Although Internet-connected devices are very useful at home, and it’s cool to be able to monitor your dishwasher from half a world away, it’s important to pay attention to privacy and safety issues.For example, Cecotec Conga 1490 Robot Vacuum Cleaner [Rastersoft] I purchased an Android application that requires almost complete access to the user’s mobile phone during installation. Not satisfied with this invasion of privacy, let alone the potential security risks, [Rastersoft] start working Reverse engineering the communication of the robot (translation) To understand what it is doing when it is online. To do this, he configured the Raspberry Pi as an access point, connected the vacuum to it, and recorded all the data flowing through it.

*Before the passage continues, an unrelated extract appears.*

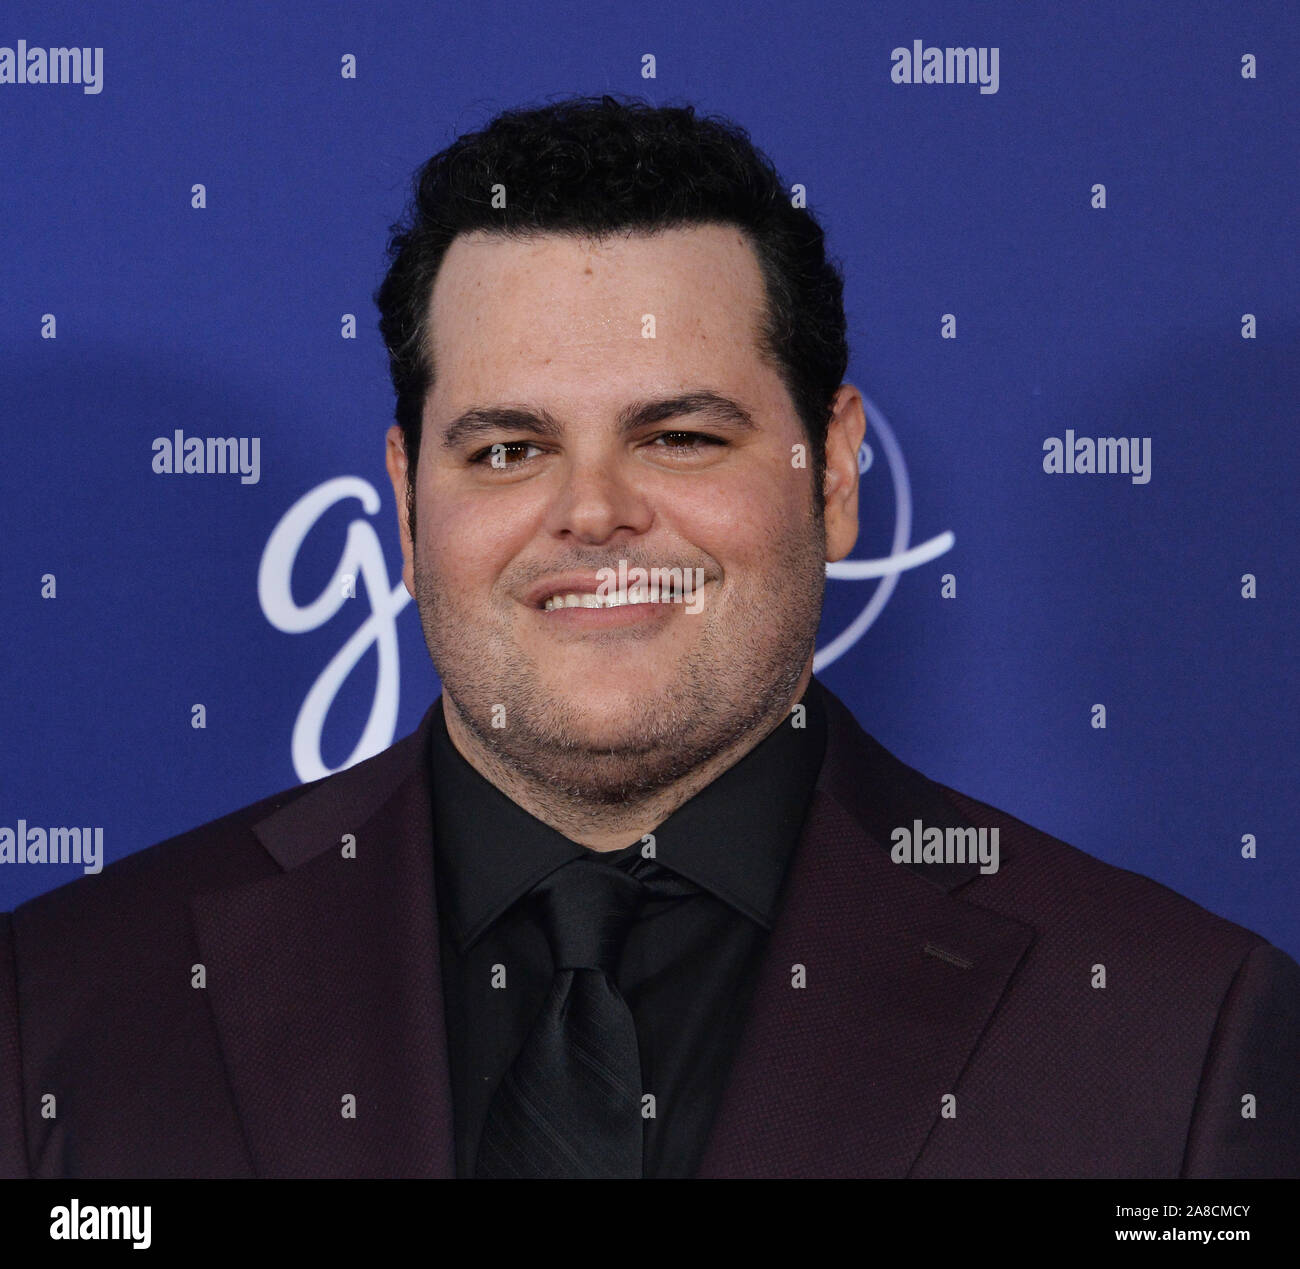 Los Angeles, United States. 08th Nov, 2019. Cast member Josh Gad attends the premiere of the animated musical comedy 'Frozen II' premiere at the Dolby Theatre in the Hollywood section of Los Angeles on Thursday, November 7, 2019. Storyline: Anna, Elsa, Kristoff, Olaf and Sven leave Arendelle to travel to an ancient, autumn-bound forest of an enchanted land. They set out to find the origin of Elsa's powers in order to save their kingdom. Photo by Jim Ruymen/UPI Credit: UPI/Alamy Live News Stock Photo

It turns out that the robot called its manufacturer and reported its serial number and some configuration settings. The server then passes control to the mobile application, but not all subsequent commands are routed through the remote server. Not only is this creepy, it also means that if the manufacturer were to shut down the server, the application would stop working altogether. [Rastersoft] So there is the idea of writing custom software to control the robot. He first reconfigured Pi’s network settings to make vacuum mistakenly believe it was connecting to the manufacturer’s server, and then wrote some Python code to simulate the server’s response. He can now control all the data flowing back and forth.
After a lot of experiments and data analysis, [Rastersoft] He managed to decipher the command sent by the application, allowing him to write a complete replacement application, which was seen in the video after the interruption, including the standard actions for controlling all vacuum cleaners and the new function of manually controlling the movement of the vacuum cleaner.All codes are Available on GitHub For those who also want to crack the Conga drum.
We think this is a good example of software hacking on future-proof devices you own, and it also mitigates many of the dangers that default software poses to your security and privacy. The fact that the commands you send from your mobile phone to the vacuum cleaner are spread all over the world, and may be stored and read by others, is quite absurd in the first place. After all, we have seen how the sweeping robot monitors you.